IIRC it's the 90's studios (and only some) that come with ebony boards. Most LPC's up until recently are also ebony, I think. My Gibson knowledge is not very extensive or current haha.


----------



## GUInessTARS (Dec 28, 2007)

I voted other as a vote for no preference. I have guitars with all three choices and they all play great.
The only difference I notice as I get older is the guitar I have with a maple board and abalone dots all seem 
to be the same colour on stage. This causes the band to play out of tune from time to time. I never miss.


----------



## Diablo (Dec 20, 2007)

Budda said:


> IIRC it's the 90's studios (and only some) that come with ebony boards. Most LPC's up until recently are also ebony, I think. My Gibson knowledge is not very extensive or current haha.


Im not sure if youre correcting me or agreeing with me, lol


----------



## Clean Channel (Apr 18, 2011)

I prefer ebony or rosewood over maple on all guitars. I know, I know, teles/strats maple etc, but even then I prefer ebony or rosewood.

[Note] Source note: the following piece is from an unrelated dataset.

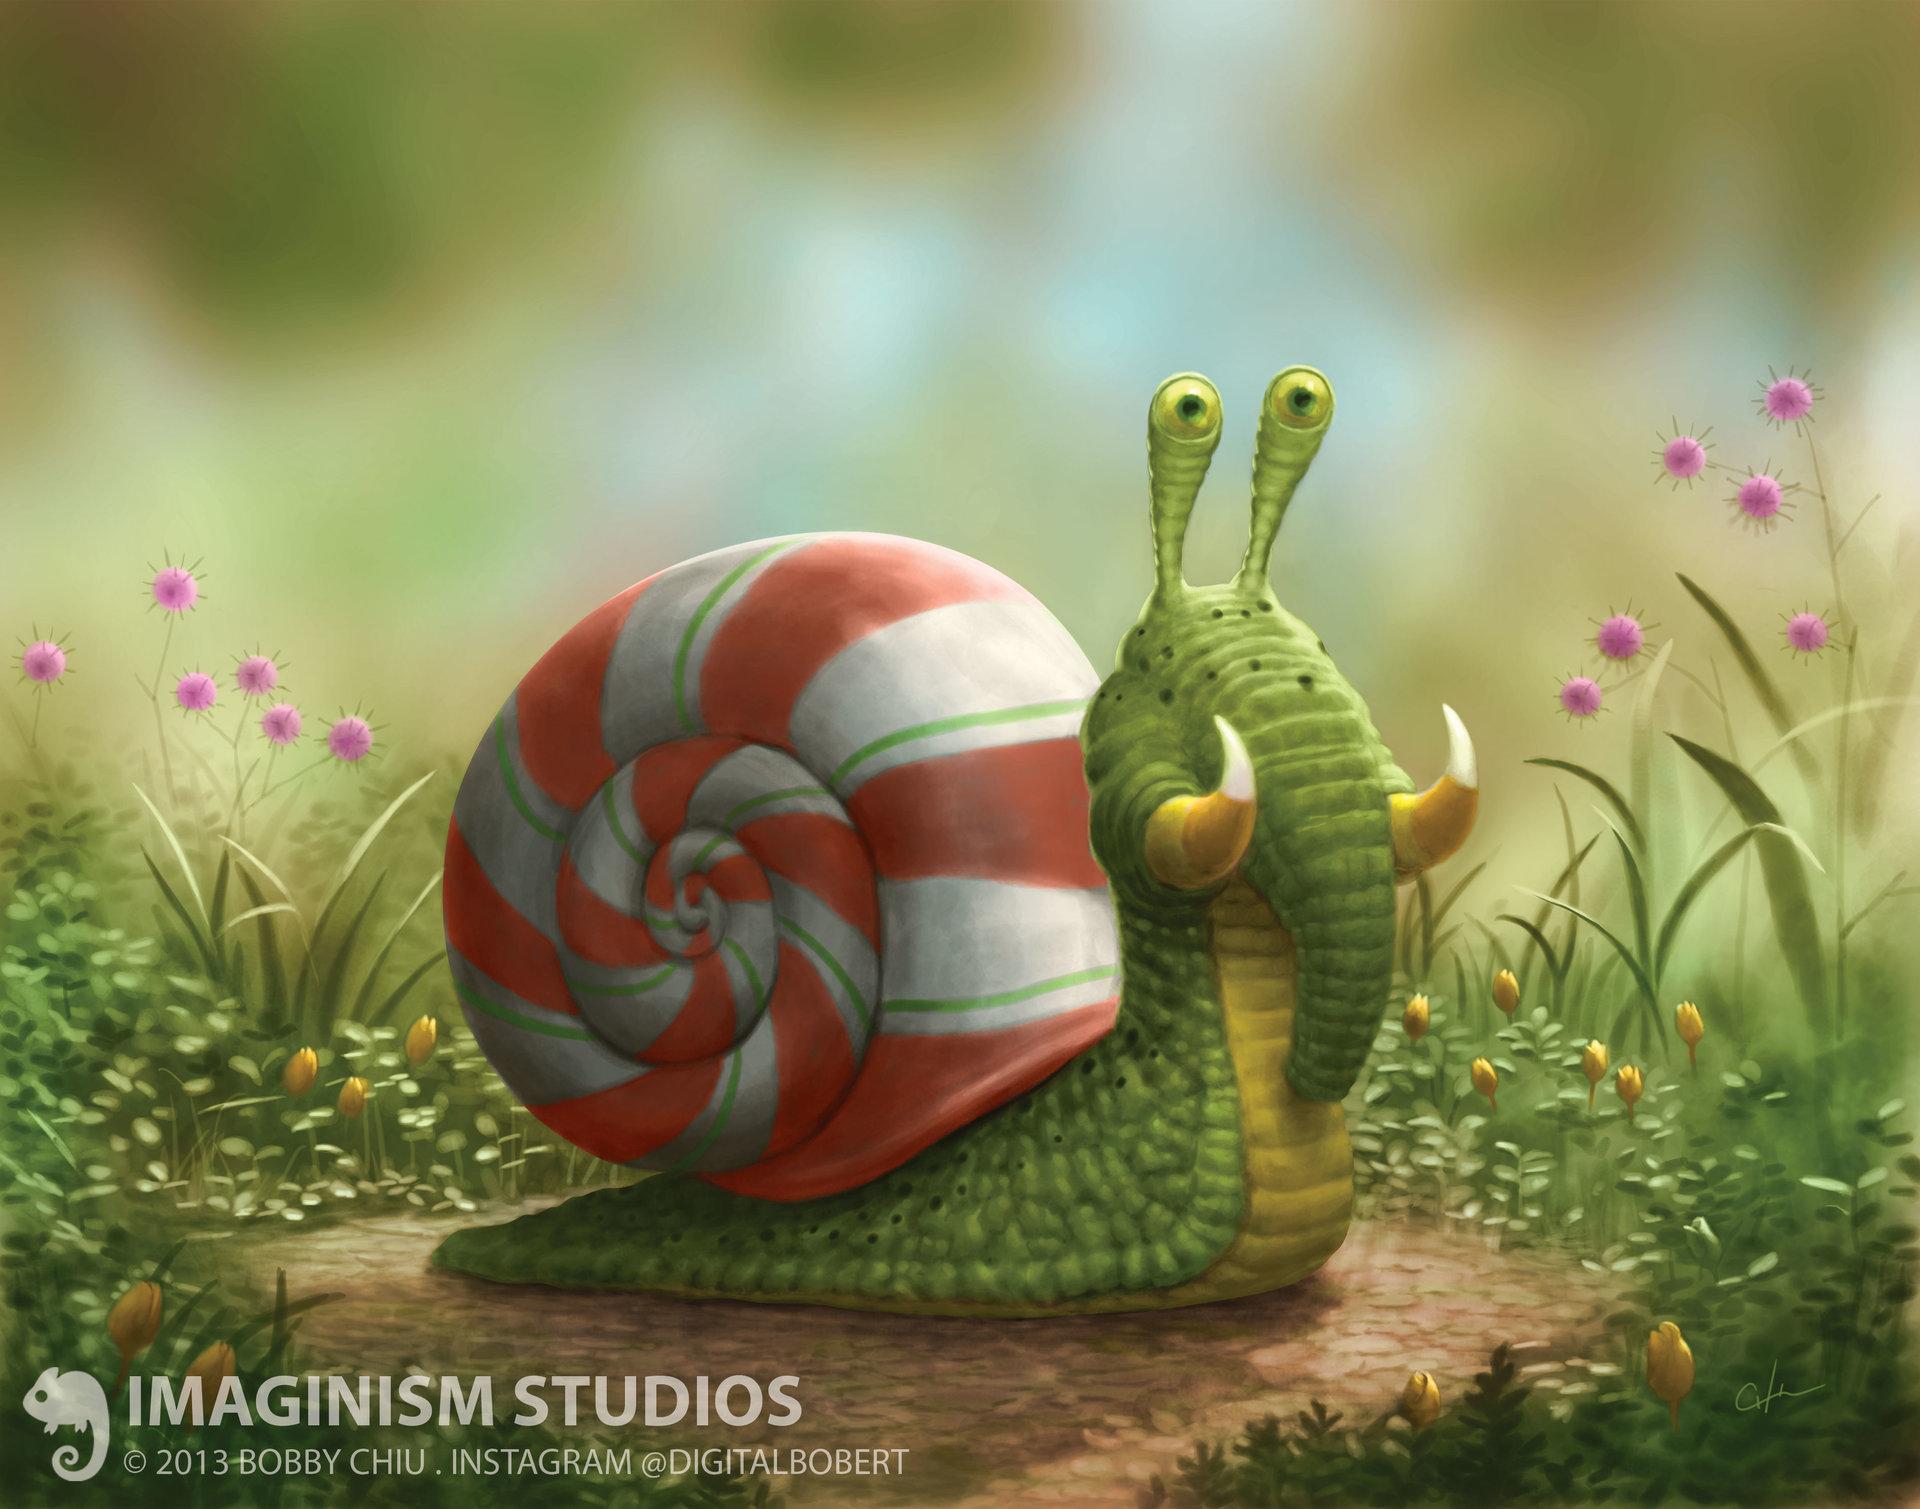 bobby_chiu_fablehatch_digital_artist_illustration_0024.jpg

I voted ebony, because it'd be my first choice for any guitar (and what I'd pick if I were ordering a custom instrument). However, if I'm buying an already-built guitar I'm totally happy with rosewood.


----------



## Big_Daddy (Apr 2, 2009)

For me it is ebony over rosewood, slightly. Maple-necked fretboards never seem to get played much whenever I have them. It is mostly a feel thing with me though two of the best sustaining guitars I have ever owned, a '58 Les Paul Custom and an '89 Ibanez AM800 both had/have ebony necks. Not sure if the fretboard material is entirely why but it seems coincidental at the least. I also have a Taylor T5 and love the look and feel of the ebony neck on it as well. Rosewood fretboards run a close second for me.


----------



## GuitarsCanada (Dec 30, 2005)

I am surprised at the poll results and the numbers in favour of ebony. I have always preferred it over rosewood. When I built my strat and tele projects I went with the maple, first I had ever owned and thought I would not like them. They are fine to play. But if I had only one to choose for everything I would go with the ebony


----------



## jdguitarbuilder (Aug 1, 2010)

For me it's Ebony on all acoustics or electric instruments with humbuckers. Always rosewood on Strats and maple on Teles, only because maple looks so cool on a Tele!


----------



## captainbrew (Feb 5, 2010)

Rosewood on all my guitars (ES335, Les Paul, Strats and acoustics) except my blackguard tele.


----------



## Jimi D (Oct 27, 2008)

Accept2 said:


> Alternative man-made materials...........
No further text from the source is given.